Not a perfect filter, but material enough to produce a time-effective hit rate for procuring process-customer-fit targets.

But, we didn’t stop there.

We applied more filters. Are they using a competing product? How many other startups do they work with? 

These details can usually be found by looking at their products in the wild, using tools like BuiltWith, and Googling their company name for case studies and references published by other startups.

All of this gives vital clues as to how open they’ll be to becoming your guinea pig — an “early adopter”.

The remaining ICP criteria pertained to product-customer-fit

It’s important to identify what type of customers you can add the most value to the fastest with the least effort

Look for patterns or themes and add the qualifying attributes to your ICP.

We calibrated to publishers that had:

  • Male-Millenial content.

  • English-language content.

  • Majority U.S. audience.

  • Display advertising.

  • 500k minimum Alexa ranking.

This product-customer-fit profile combination enabled us to get our product into the marketplace quickly with outsized results. Why? 

The core value of our product and servicing abilities was amplified under these conditions. 

Crucially, these characteristics, in combination with using a competitor offering, were also a strong indicator the target prospect considered the pain point we were solving a priority, and, that they were open to how we were solving said pain point.

We even made some small product changes to appeal to this target audience even more, which further amplified our proposition.

Do not underestimate the “how” in your proposition. If you’re solving a major pain point but are going about it in a manner unconducive to a target customer’s mission, infrastructure, or operational capacity, it’s a hard sell.

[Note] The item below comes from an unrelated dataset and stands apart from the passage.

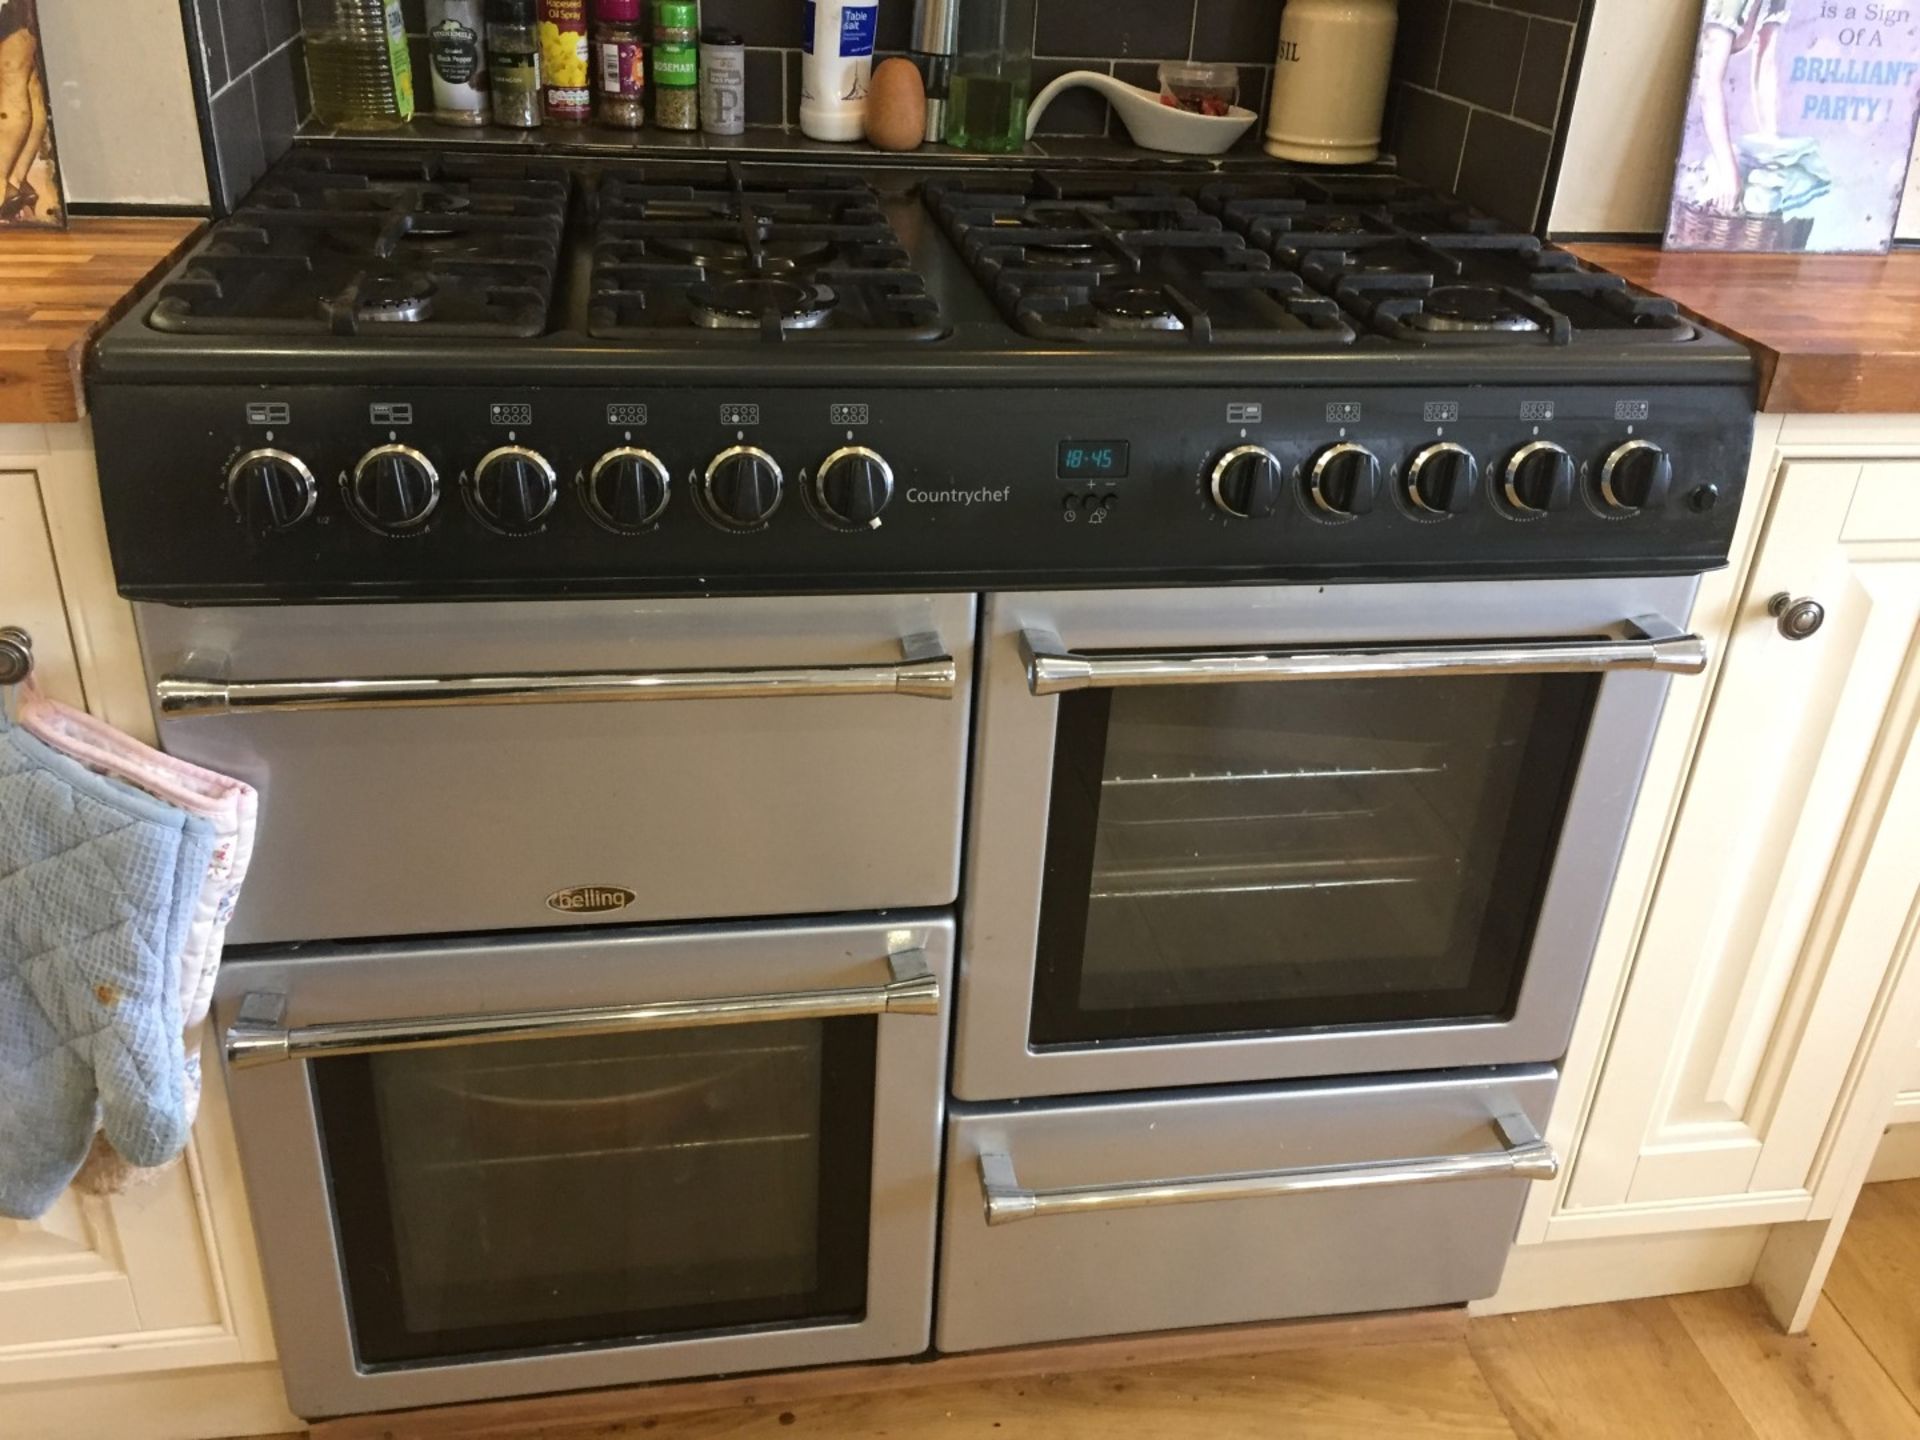 1 x Belling 100G Silver Countrychef 8-Burner, 2 Oven Range - In Good Working Condition - CL238 - - Image 2 of 13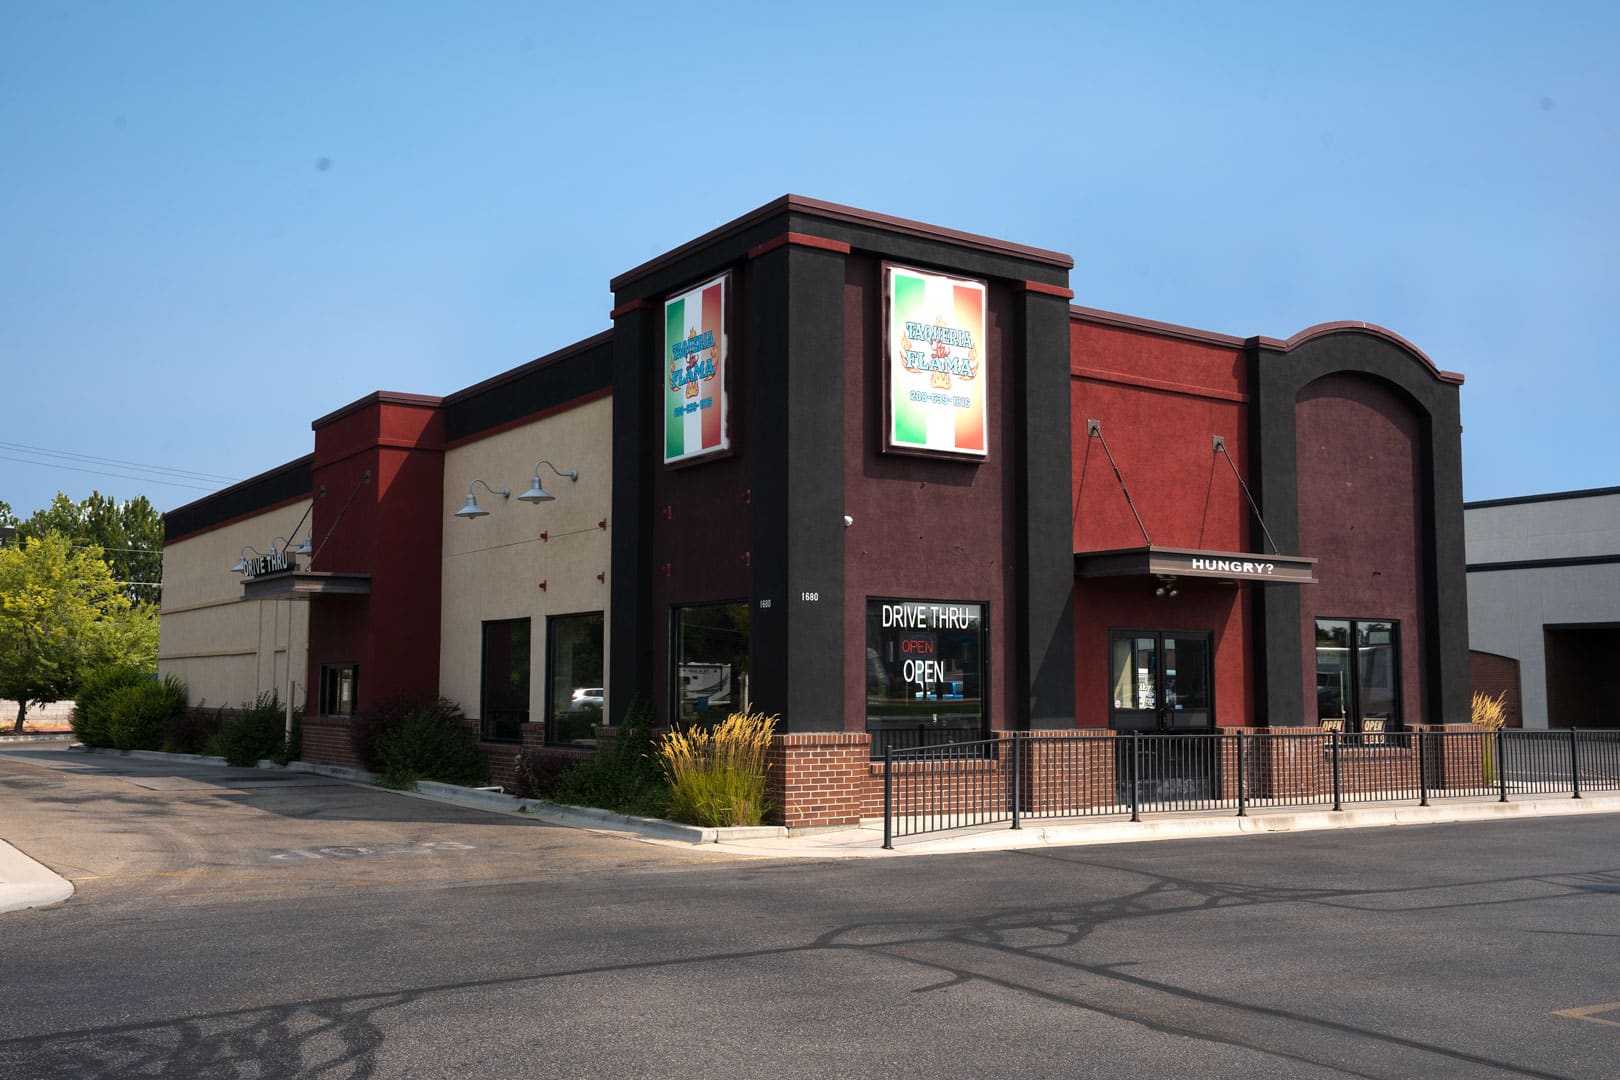 1680 Westland is a Single-tenant net-leased drive through property in Boise, Idaho

For example, if your solution involves sharing customer data with third parties and your target customer is data-sensitive, the ‘price’ of using your solution (compromising their customer data) may outweigh the gains.

Look for target customer characteristics that your core value proposition would thrive under and indicate objective alignment.

Ask yourself some questions:

  • What prospects feel the pain point you’re solving the most intensely?

  • Does your product help a certain type of customer more than others?

  • What are your prospects' existing suppliers under-delivering on?

  • Can you ‘zoom in’ and better serve a niche set of customers within a larger market?

  • How can you help them help their customers better?

  • Are any using a platform or technology that you can easily integrate with through an API?

This is how our launch ICP looked:

In the next part, I’ll detail how we identified and approached decision-making individuals within the companies that matched these criteria.

Once you’ve figured out your ICP, don’t be afraid to ruthlessly disqualify prospects. In this exercise, most prospects should in fact be disqualified. 

Remember, your objective here is to sign ten (or less) customers for your launch or beta. You’re cherry-picking the juiciest candidates. It’s an empowering process that’ll give you intense focus and resolve.

Disqualifying prospects doesn't mean they’ll never become customers. They just won’t be in your first cohort of customers. You’re laying the foundations now so you can work with them in the future.

We didn’t get to work with top global publishers until after we had worked with a ton of small independent publishers first.